In the listing that follows, find the line with "flower delivery Budapest", then copy exactly from it through the line with "Melted orange candy melts in a bowl.", leaving out every picture.

Task inputs
________________________________________
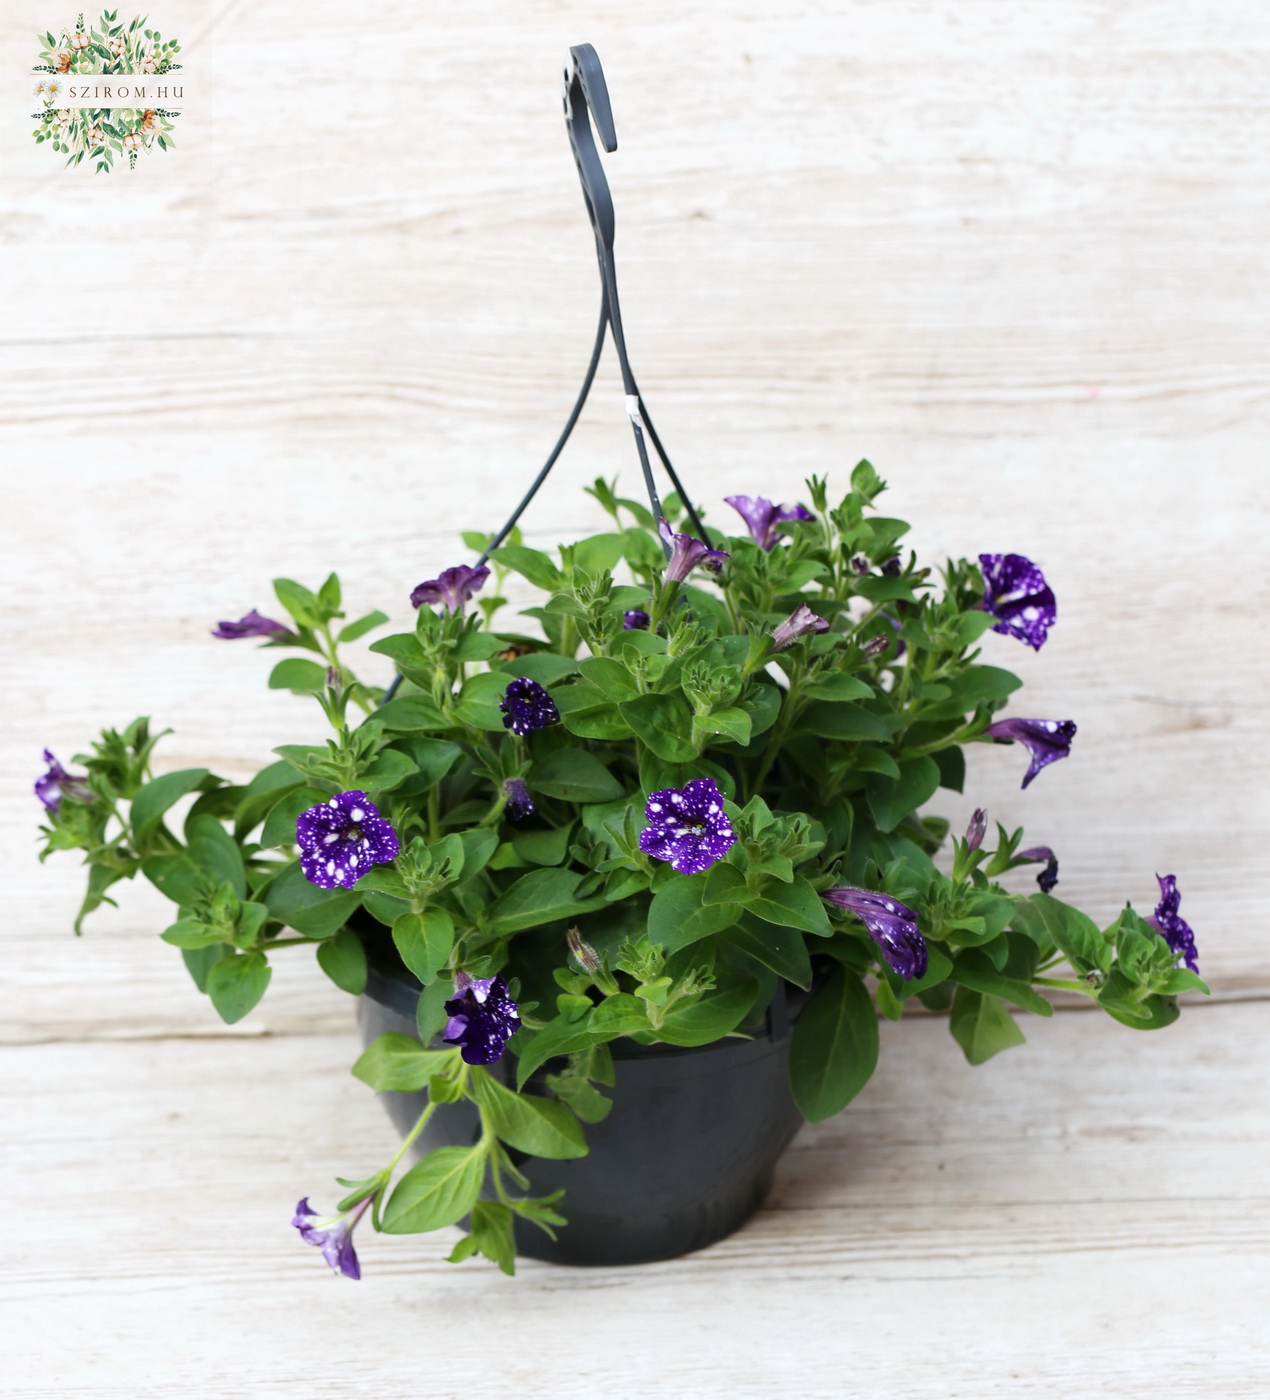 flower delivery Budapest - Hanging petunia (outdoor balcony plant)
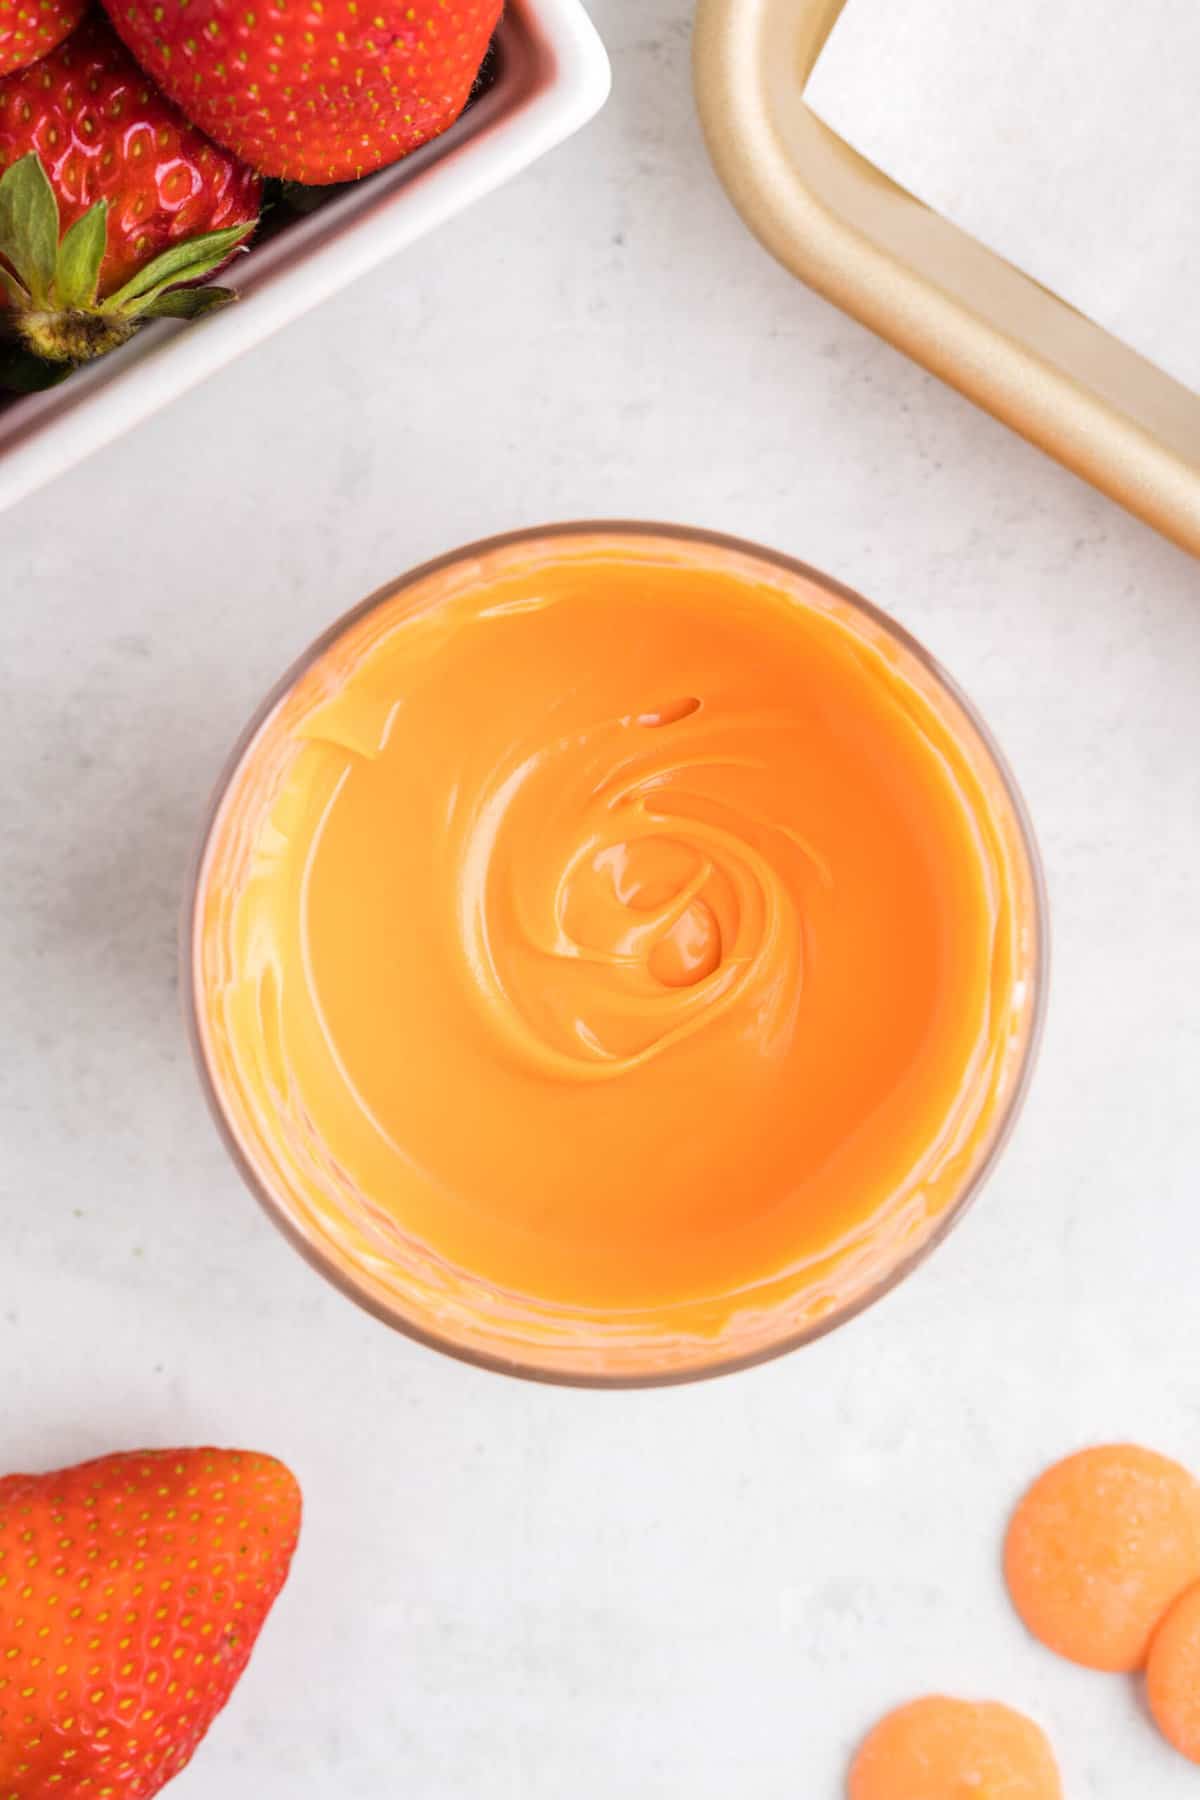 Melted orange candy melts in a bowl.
________________________________________
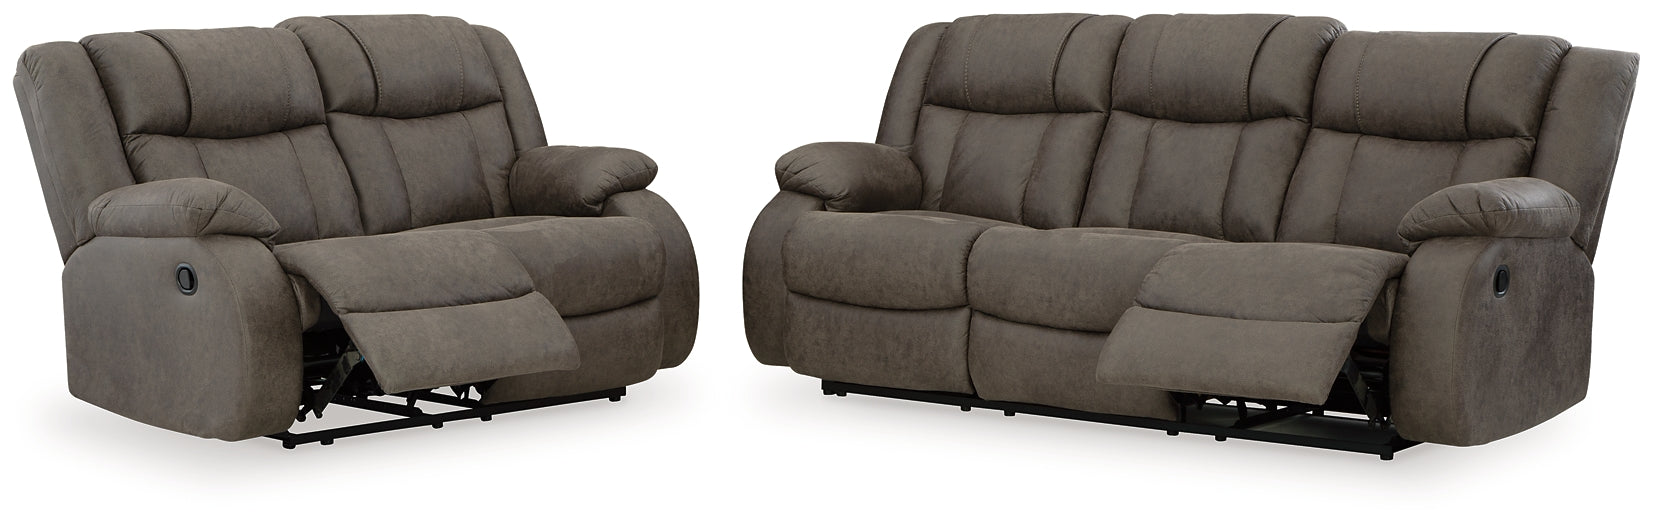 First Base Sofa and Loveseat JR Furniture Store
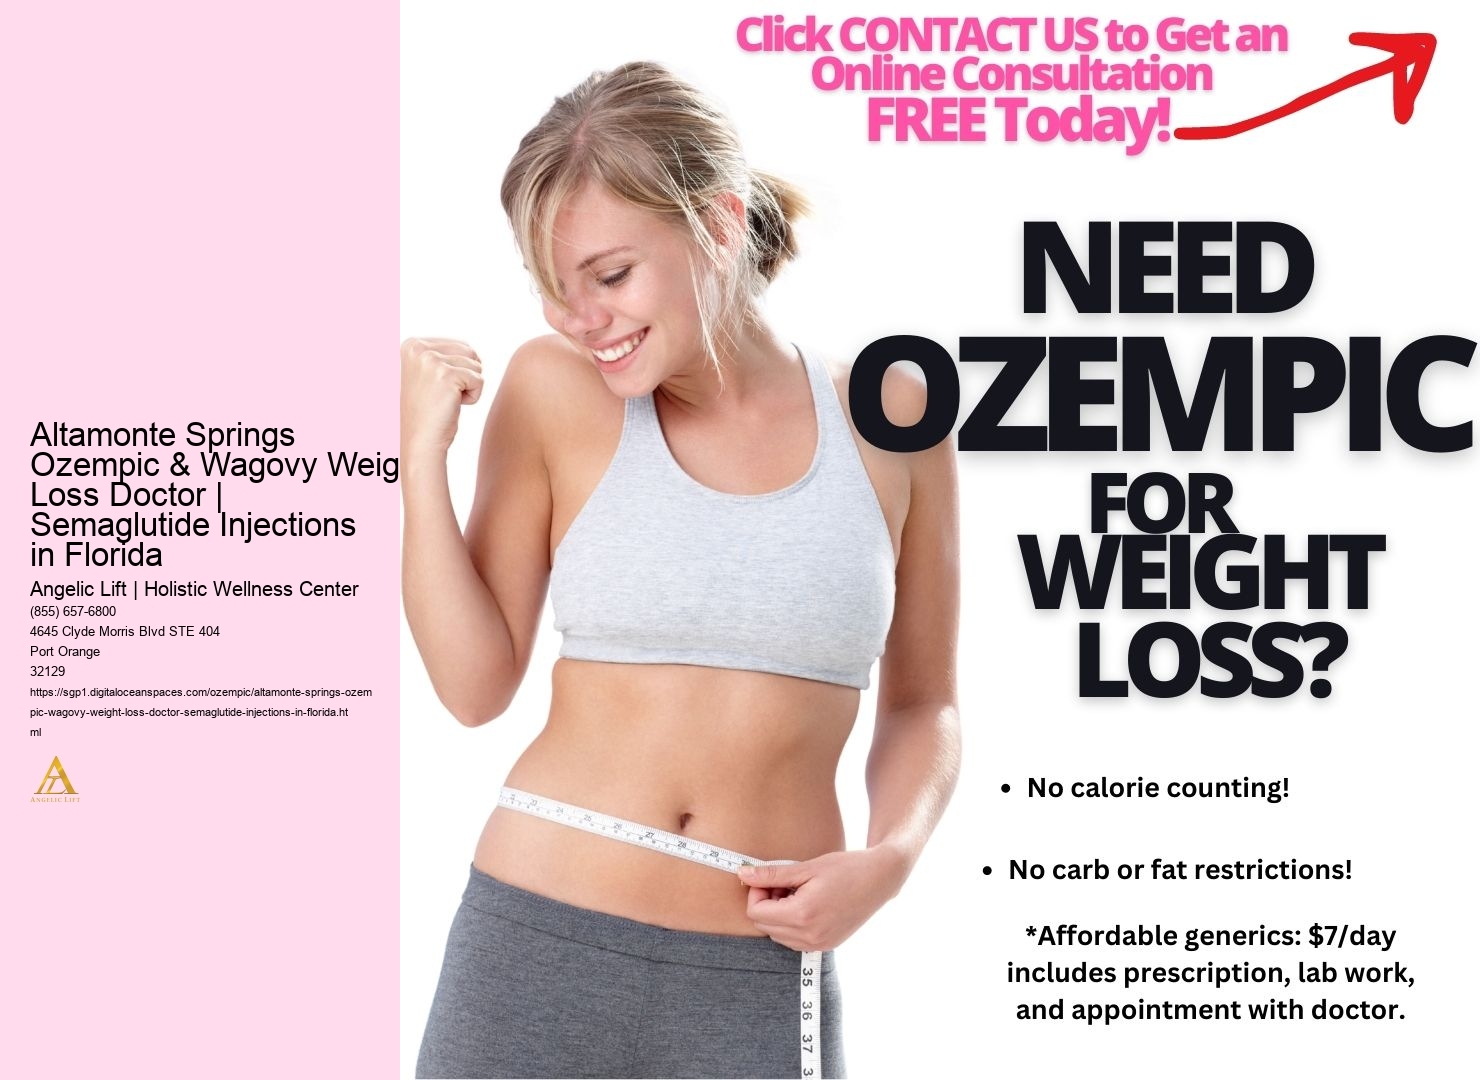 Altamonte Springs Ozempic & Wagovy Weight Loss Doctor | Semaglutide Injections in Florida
________________________________________
Task result
 flower delivery Budapest - Hanging petunia (outdoor balcony plant)
 Melted orange candy melts in a bowl.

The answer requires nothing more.